Но… таков Париж. И в день взятия Бастилии — 14-го июля, — когда народ танцует на всех площадях и по Шан Зализе утром двигается обычная в этот день демонстрация, ее и на этот раз торжественно открывали везомые в колясочках и ведомые под руки слепые, изуродованные инвалиды «ля гелль кассе».
Эту историю с Фифисом я рассказал специально для того чтобы дать понять моему читателю ту особую «прособачью» атмосферу, которая царила в Париже в те дни, когда со мной случилось это весьма незначительное происшествие. Впрочем, все по порядку.
Я в это время жил в Пасси. Рядом со мной, буквально за моим домом, начинался знаменитый Булонский лес — краса и гордость парижан. Бесконечные пространства хвойного и лиственного леса в самом центре города, где можно укрыться от летнего зноя в тени деревьев, гулять, кататься верхом или в собственной машине, десятки и сотни километров асфальтированных прекрасных дорог, рестораны, дансинги, старинные замки французской аристократии, обедневшей и вымирающей (почти все уже давно проданное американцам), — словом, все удовольствия мира, вплоть до «фавнов», блуждающих в чаще леса и пугающих непристойными жестами замечтавшихся гувернанток и бонн!
У меня была собака. Это была белая красавица — боксер с единственным пятном в виде коричневого «монокля» вокруг правого глаза. Звали ее Долли. У нее был, в общем, спокойный характер, и, когда мы с ней приходили в кафе и садились за столик прямо на улице, она непринужденно вскакивала на стул и сидела, окидывая публику полным достоинства взглядом. Когда к нам подходил гарсон, чтобы принять заказ, я неизменно сперва обращался к ней, как к даме:
— Что вы хотите, Долли? — спрашивал я.
— Гав! — коротко и выразительно отвечала она.
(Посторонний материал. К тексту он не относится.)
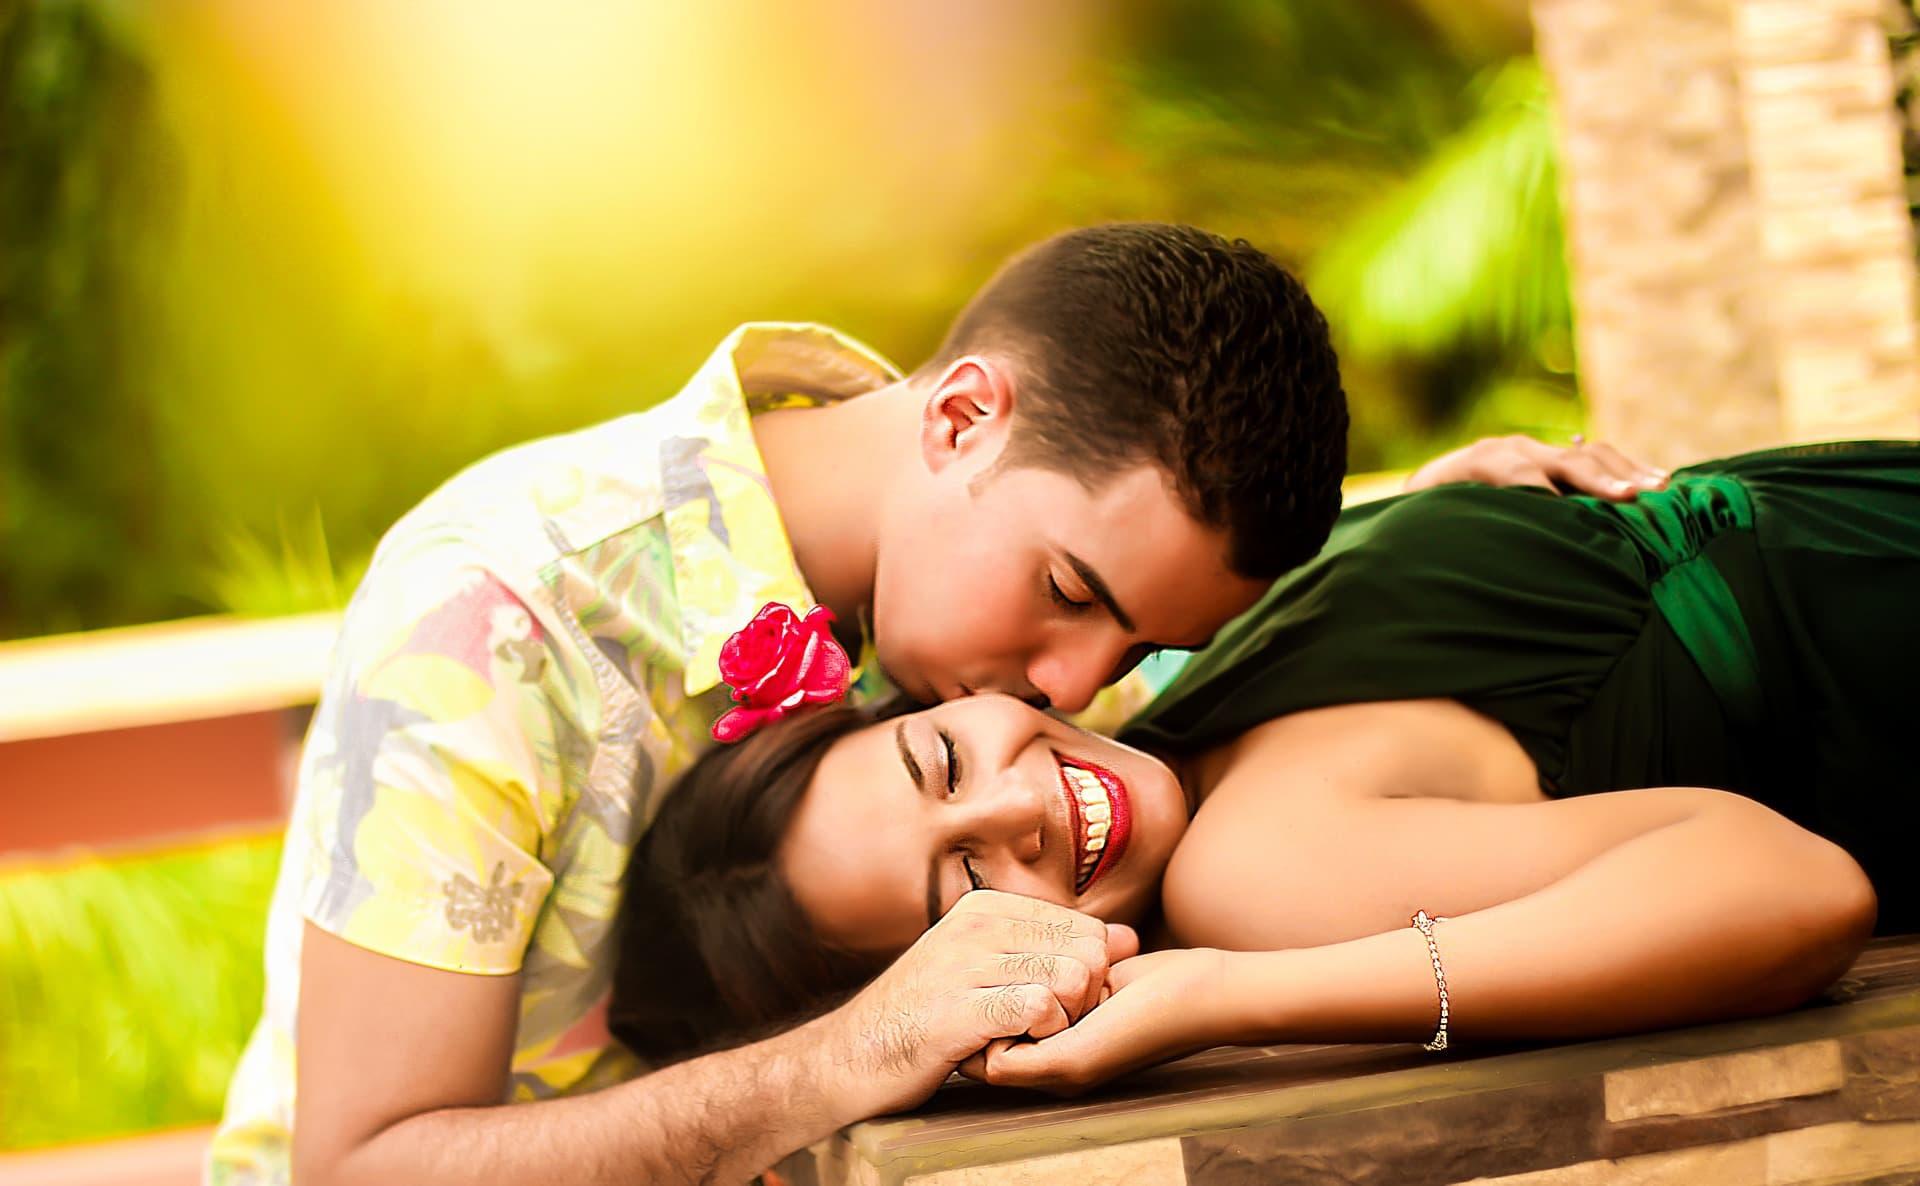 Неожиданные звонки среди ночи с предложением «расслабиться» могут означать сексуальную игру

На собачьем языке это означало «бриош», то есть сдобную булочку. Я заказывал, гарсон подавал. Долли скромно съедала свой бриош и продолжала спокойно сидеть, разглядывая соседей. Ее уже хорошо знали в Пасси. У нее были кой-какие недостатки. Она не выносила кошек, крыс, мотоциклистов и верховых лошадей. Во всем остальном она была «настоящая леди». В Париже собак надо держать на «лэсс», то есть на ошейнике и ремне или цепочке, и ни в коем случае нельзя отпускать их от своей ноги. А ведь собаки как дети, им тоже хочется побегать по душистой траве, покувыркаться, погоняться за птицами или — не дай Бог! — за лебедями в прудах, где дремлют в воде жирные ручные карпы. Вот тут-то и начинаются трудности. Булонский лес кишит ажанами — строгими полицейскими в синих кепи и пелеринах, которым совершенно нечего делать среди свободолюбивых парижан и которые всю свою служебную энергию, направляют на борьбу с собаками, осмелившимися дать волю своей звериной жизнерадостности.
Каждое утро я брал Долли на лэсс и мы шли гулять в Булонский лес. Там, выбрав местечко поглуше, где совсем не видно ажанов, я спускал ее с привязи, и она устраивала такие собачьи бега со случайными подругами, что у меня захватывало дух от восхищения. Когда вдалеке показывался ажан, я свистел ей, и в одну секунду она уже сидела рядом со мной, привязанная на лэсс, и с нескрываемым презрением разглядывала приближающегося ажана. Ажан окидывал ее подозрительным взглядом и проходил дальше: придраться ему было не к чему. Тем не менее он все прекрасно понимал и собаку мою держал, так сказать, «на учете» в своей профессиональной памяти.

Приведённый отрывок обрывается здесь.